Он называл себя Петром III, народ величал его "царем-освободителем" и ждал чуть ли не отмены крепостного права. Кого только не изображал Емельян Пугачев и каких только обещаний не давал поддержавшим его людям. Кем был на самом деле Емельян Пугачев? Почему простой донской казак внушал страх самой императрице Екатерине Великой? Как он смог подчинить своей воле казацких старшин, за короткий срок собрать боеспособную "армию" и стать вождем народного восстания?
Ответы на эти и другие вопросы – в авторской программе Владимира Мединского "Рассказы из русской истории" на радио Sputnik. Гость программы - Юрий Никифоров, кандидат исторических наук, член Научного совета Российского военно-исторического общества.
Владимир Мединский: достаточно посмотреть на карту Российской империи, чтобы понять, почему Россия всегда пыталась сложно комбинировать армию: военные поселения, регулярная армия, разные типы войск и так далее. Нигде в мире не было ничего подобного. Бескрайние, бесконечные тысячекилометровые российские масштабы. Поэтому, естественно, для уменьшения расходов на содержание армии, хоть как-то контролирующей эти границы, нужны были и казаки, и стрельцы и все тому подобное. К концу 1857 года, к моменту начала военной реформы и отмены военных поселений в них проживало 620 тысяч человек. Это не только солдаты, но и их помощники, те люди, которые помогали кормить и обеспечивать армию. Все это снижало нагрузку на казну.
Юрий Никифоров (сравнение Степана Разина и Емельяна Пугачева, – ред.): как можно выбирать между двумя разбойниками, кто из них менее неприятен? Степан Разин в народном сознании лишен таких явных негативных черт и коннотаций, потому что это было слишком давно для того, чтобы у людей сформировалось на основе документов и источников представление о его личности. Это исключительно легенда. А следствие и допросы Емельяна Пугачева уже позволяют рассуждать о его личности с опорой на его собственные признания и выстроить хронологию восстания. Это все намного более точно известно. Поэтому Разин выглядит менее негативно.

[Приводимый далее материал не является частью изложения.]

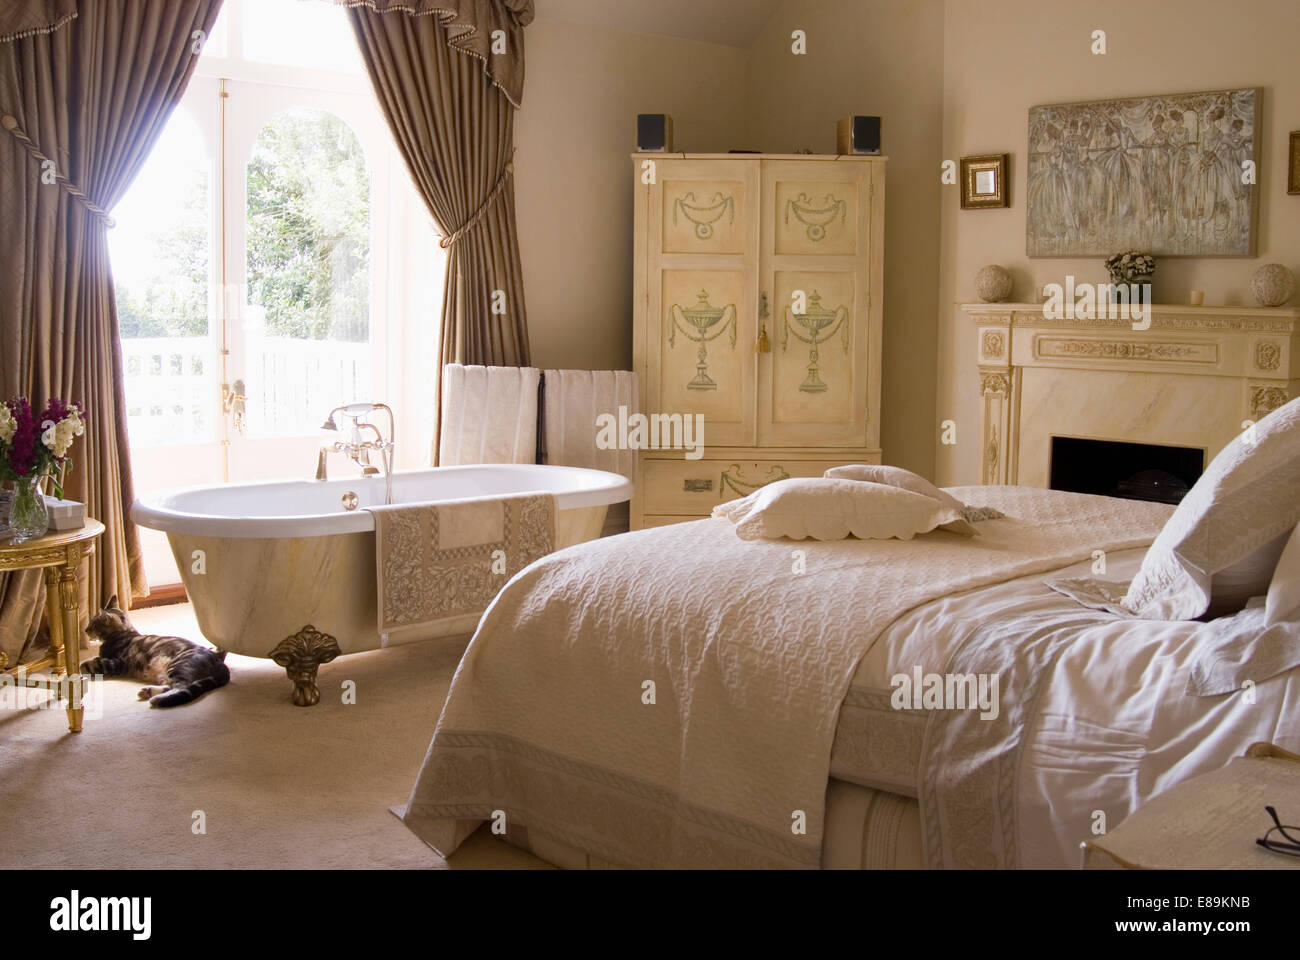 Vasca Da Bagno Nella Camera Da Letto : Rolltop vasca da bagno nella camera da letto del paese con crema

Владимир Мединский: в истории вообще нет понятия неизбежности. В истории всегда на любом этапе тысячи и тысячи развилок. И вместо того, чтобы рвать на себе волосы, мне кажется более правильным было бы восхититься величием наших предков, которые умудрились в крайне неподходящих для этого условиях природных и географических создать великое государство и цивилизацию. Есть множество научных исследований, довольно глубоких и очень интересных: и исторических, и географических, и историко-климатических, которые доказывают невозможность и крайнюю неэффективность хозяйствования на большей части территории современной Российской Федерации, особенно в условиях Средневековья. Сельским хозяйском заниматься здесь нельзя. То есть сам факт существования эффективного государства на российских почвах с историко-климатической точки зрения является оксюмороном.

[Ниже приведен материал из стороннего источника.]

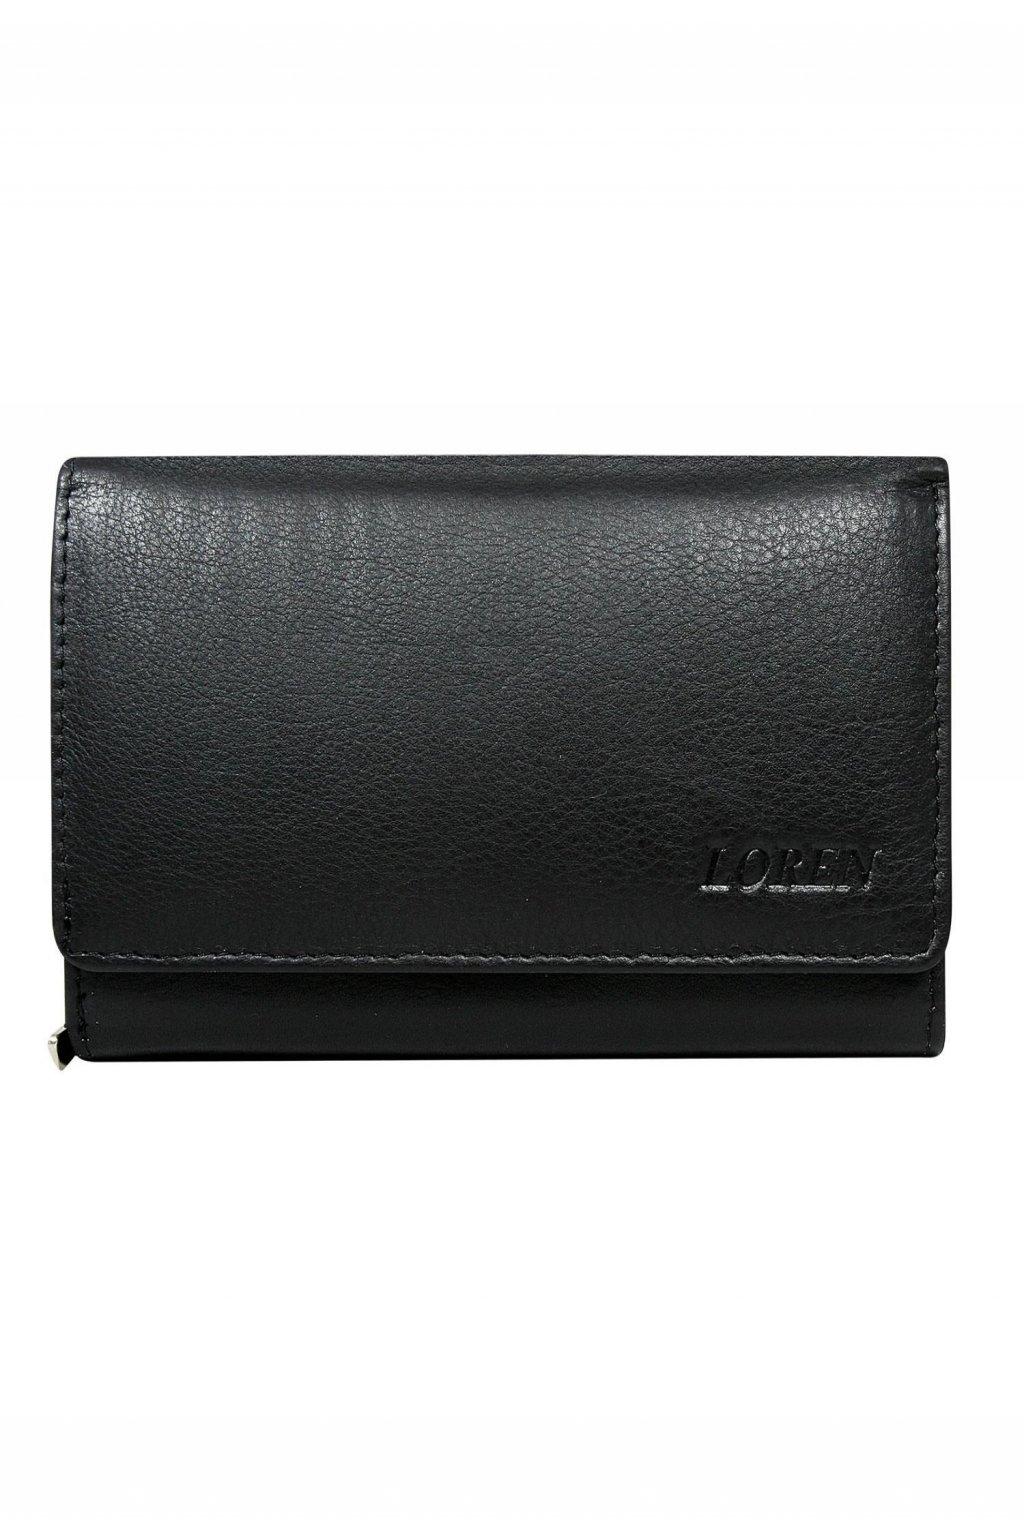 Černá dámská peněženka

Юрий Никифоров: для любого общества в рамках такого образа общего прошлого имеют значение такие моменты, как смуты. Не только же представление о том, какие эпохи были хорошими (имеет значение, - ред.), но и такие моменты нашей истории, в которые мы вглядываемся со страхом, потому что не хотим, чтобы это повторилось. Что смута XVII века, что эпоха Пугачева, что смута XX века – эти эпохи играют большую роль, к ним интерес всегда будет, потому что это такие трагические страницы с большим количеством разного рода переплетений судеб и страстей. Как правило, о спокойных периодах сплетен гораздо меньше.